A French fortune-teller had warned him that “he would not survive his wife a year”; and, as he neared Osnabrueck, the home of his brother, the Prince Bishop, his fatal illness overtook him.
“When he arrived at Ippenburen, he was quite lethargic; his hand fell down as if lifeless, and his tongue hung out of his mouth. He gave, however, signs enough of life by continually crying out, as well as he could articulate, ‘Osnabrueck!’ ‘Osnabrueck!’”
As night fell the sweating horses galloped into Osnabrueck; an hour later George died in his brother’s arms, less than twelve months after his wife had drawn her last breath in her fortress-prison of Ahlden.
The Duchess of Kendal was disconsolate.
“She beat her breasts and tore her hair, and, separating herself from the English ladies in her train, took the road to Brunswick, where she remained in close seclusion about three months.”
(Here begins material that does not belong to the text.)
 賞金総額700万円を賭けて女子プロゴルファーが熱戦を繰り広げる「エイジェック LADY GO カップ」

Returning to England, to the only solace left to her—her money-bags—she spent the last seventeen years of her life alternating between her villas at Twickenham and Isleworth. George had promised her that if she survived him, and if it were possible, he would revisit her from the spirit world.
“When,” to quote Walpole again, “one day a large raven flew into one of the windows of her villa at Isleworth, she was persuaded that it was the soul of the departed monarch, and received and treated it with all the respect and tenderness of duty, till the Royal bird or she took their last flight.”
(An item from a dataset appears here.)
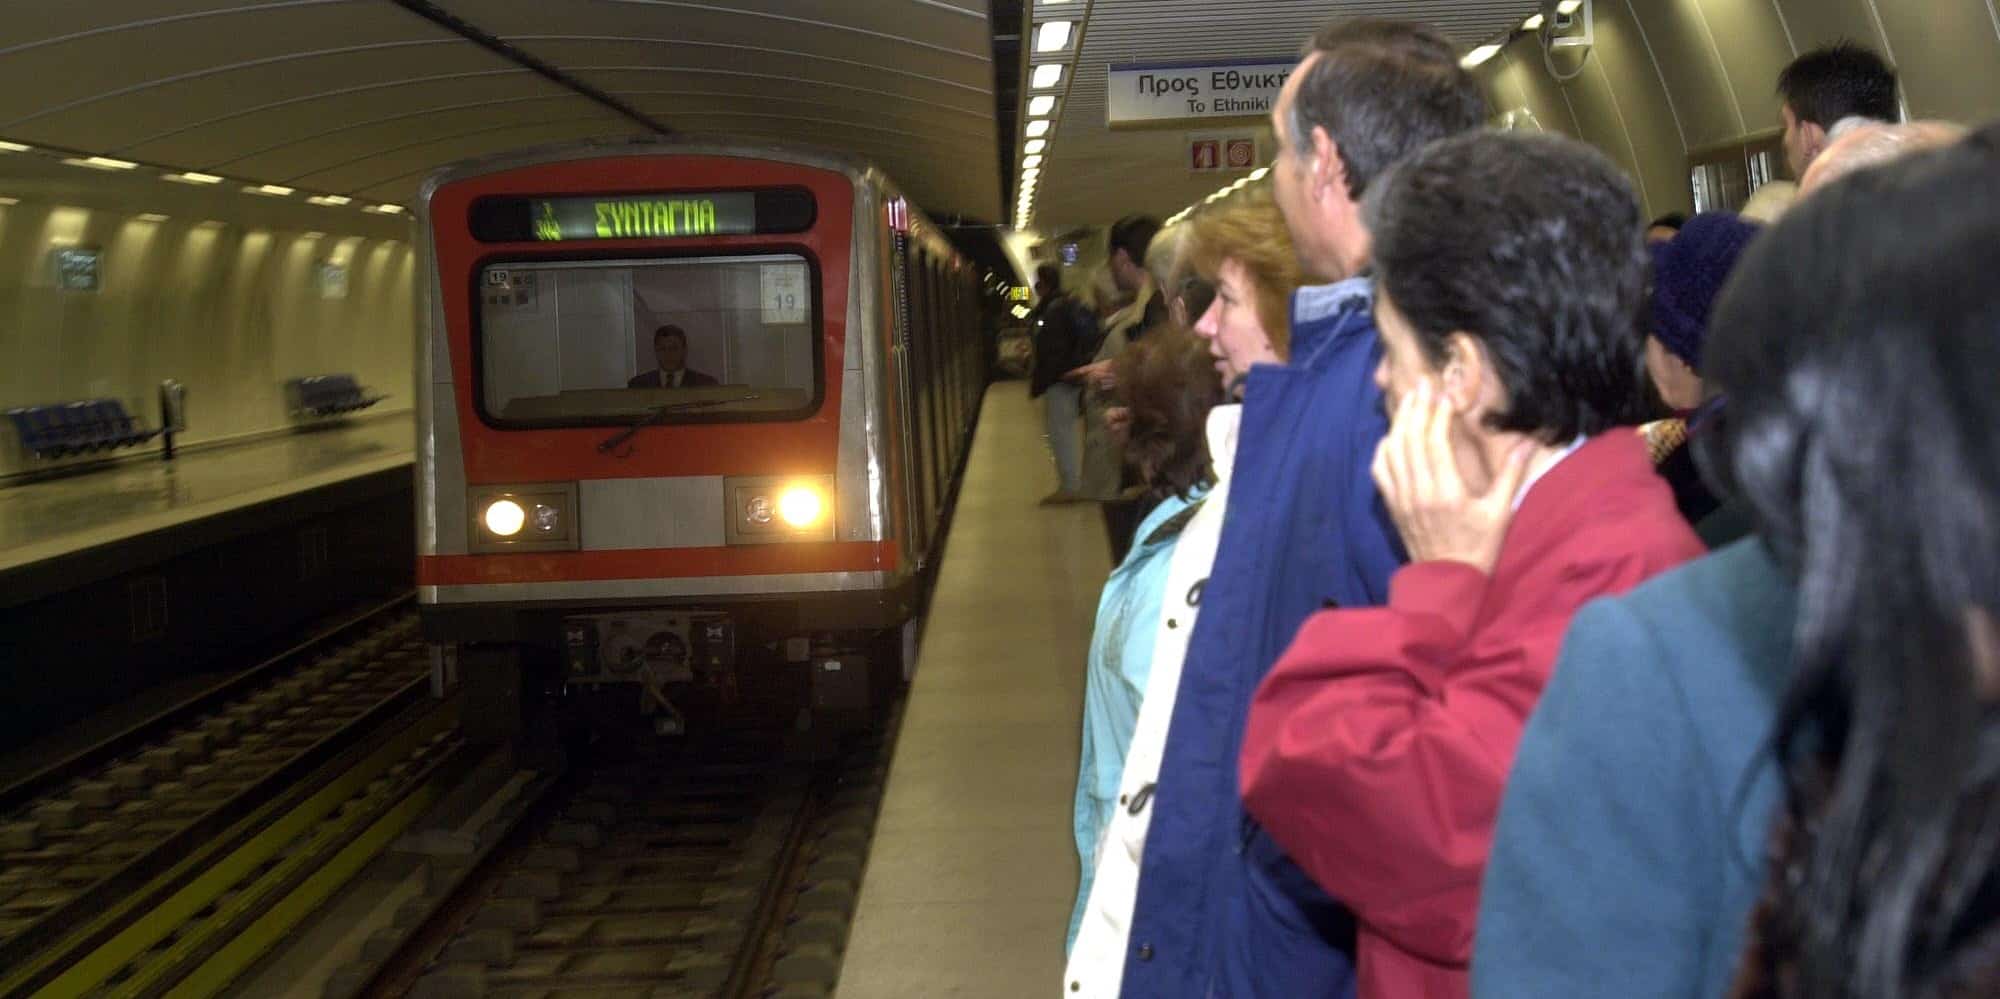 Η πρώτη μέρα λειτουργίας του Μετρό στην Αθήνα

Thus, shorn of all her powers and splendour, in obscurity, and hoarding her ill-gotten gold, died the most remarkable woman who has ever figured in the British Peerage. Her vast fortune was divided between her two “nieces,” one of whom, created by her father, George, Countess of Walsingham, became the wife of that polished courtier and heartless man of the world, Philip, fourth Earl of Chesterfield.
CHAPTER XXV
THE ROMANCE OF FAMILY TREES
Such are a few of the scenes which arrest the eyes as the panorama of our aristocracy passes before them; but it would require a library of volumes to do anything like adequate justice to the infinite variety of the dramas it presents. There is for instance a whole realm of romance in the origins of our noble families whose proud palaces are often reared on the most ignoble of foundations; and whose family trees flaunt, with questionable pride, many a spurious branch, while burying from view the humble roots from which they derive their lordly growth.
Although Cobden’s assertion that “the British aristocracy was cradled behind city counters” errs on the side of exaggeration, there is no doubt that in the veins of scores of the proudest English peers runs the blood of ancestors who served customers in City shops.
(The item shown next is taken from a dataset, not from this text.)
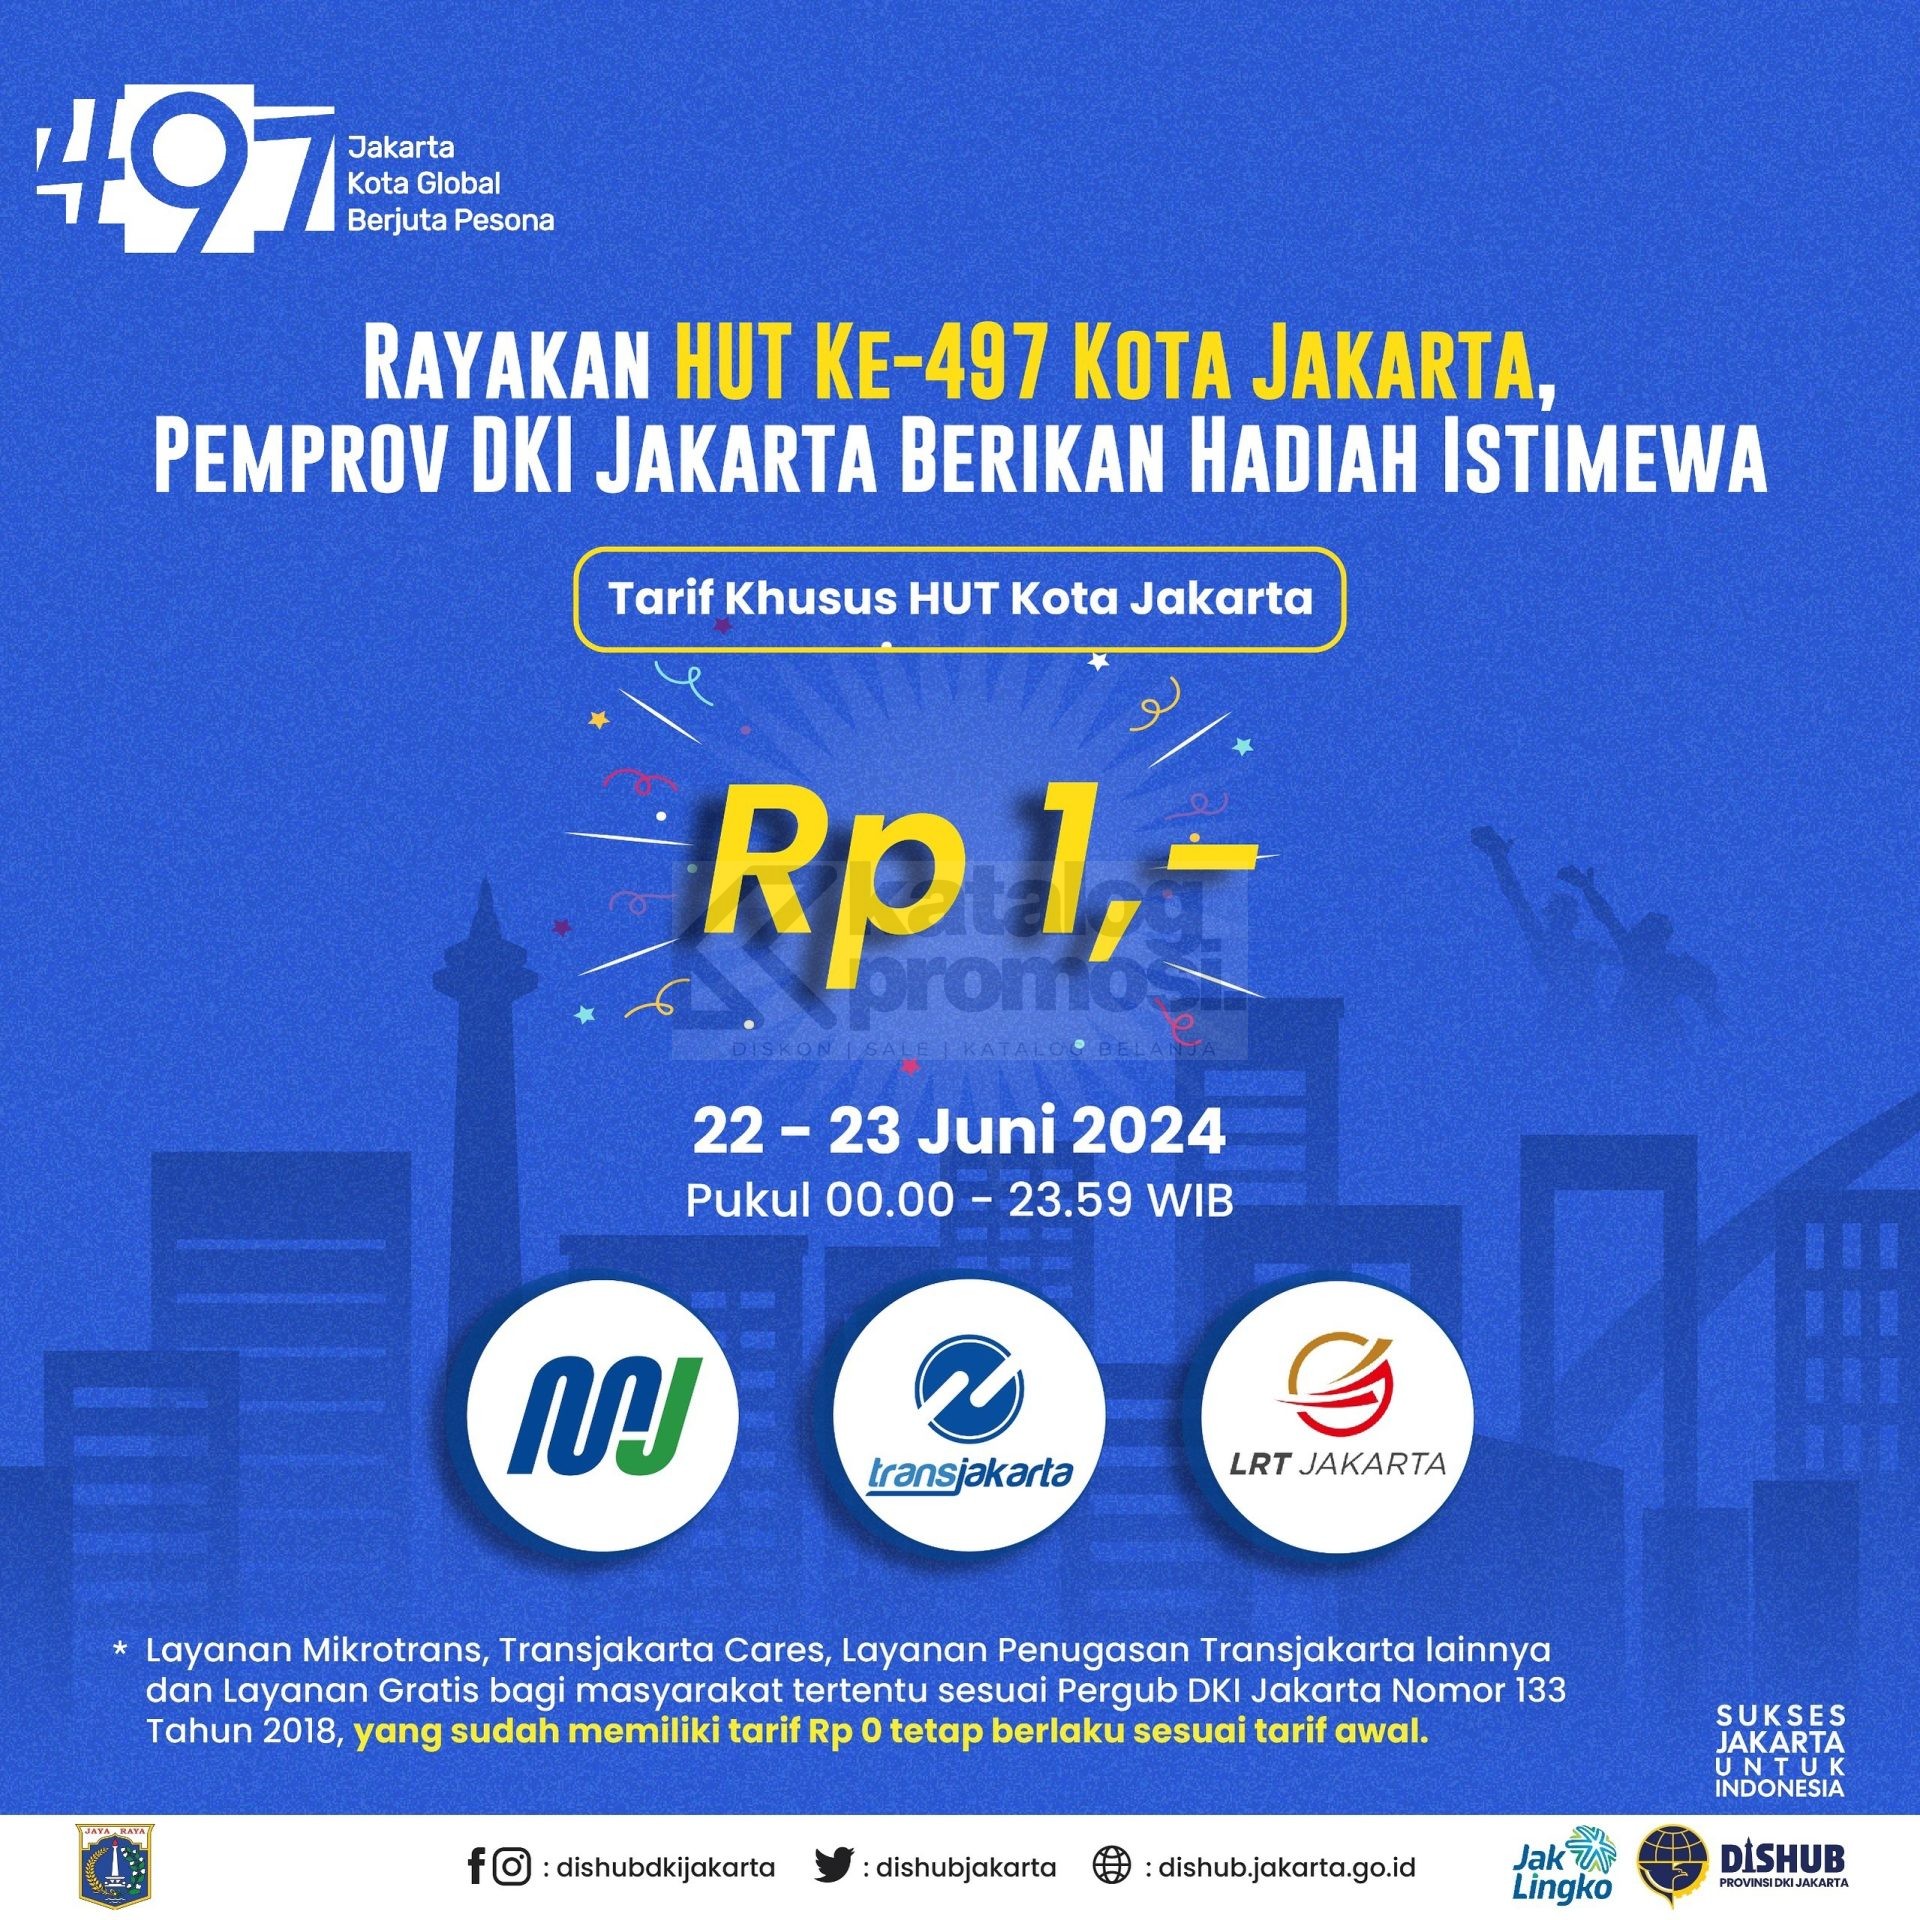 SPESIAL HUT Jakarta ke-497, Tarif Transjakarta, MRT dan LRT cuma Rp. 1,- aja Khusus tanggal 22 dan 23 Juni 2024 mulai pukul 00.00 - 23.59

When, a couple of centuries ago, John Baring, son of the Bremen Lutheran parson, Dr Franz Baring, opened his small cloth manufactory on the outskirts of Exeter, his most extravagant ambition was to build up a business which he could hand over to his sons, and to provide a few comforts for his old age; if any one had told him that he was laying the foundations of four families which should hold their heads proudly among the highest in the land he would no doubt have laughed aloud.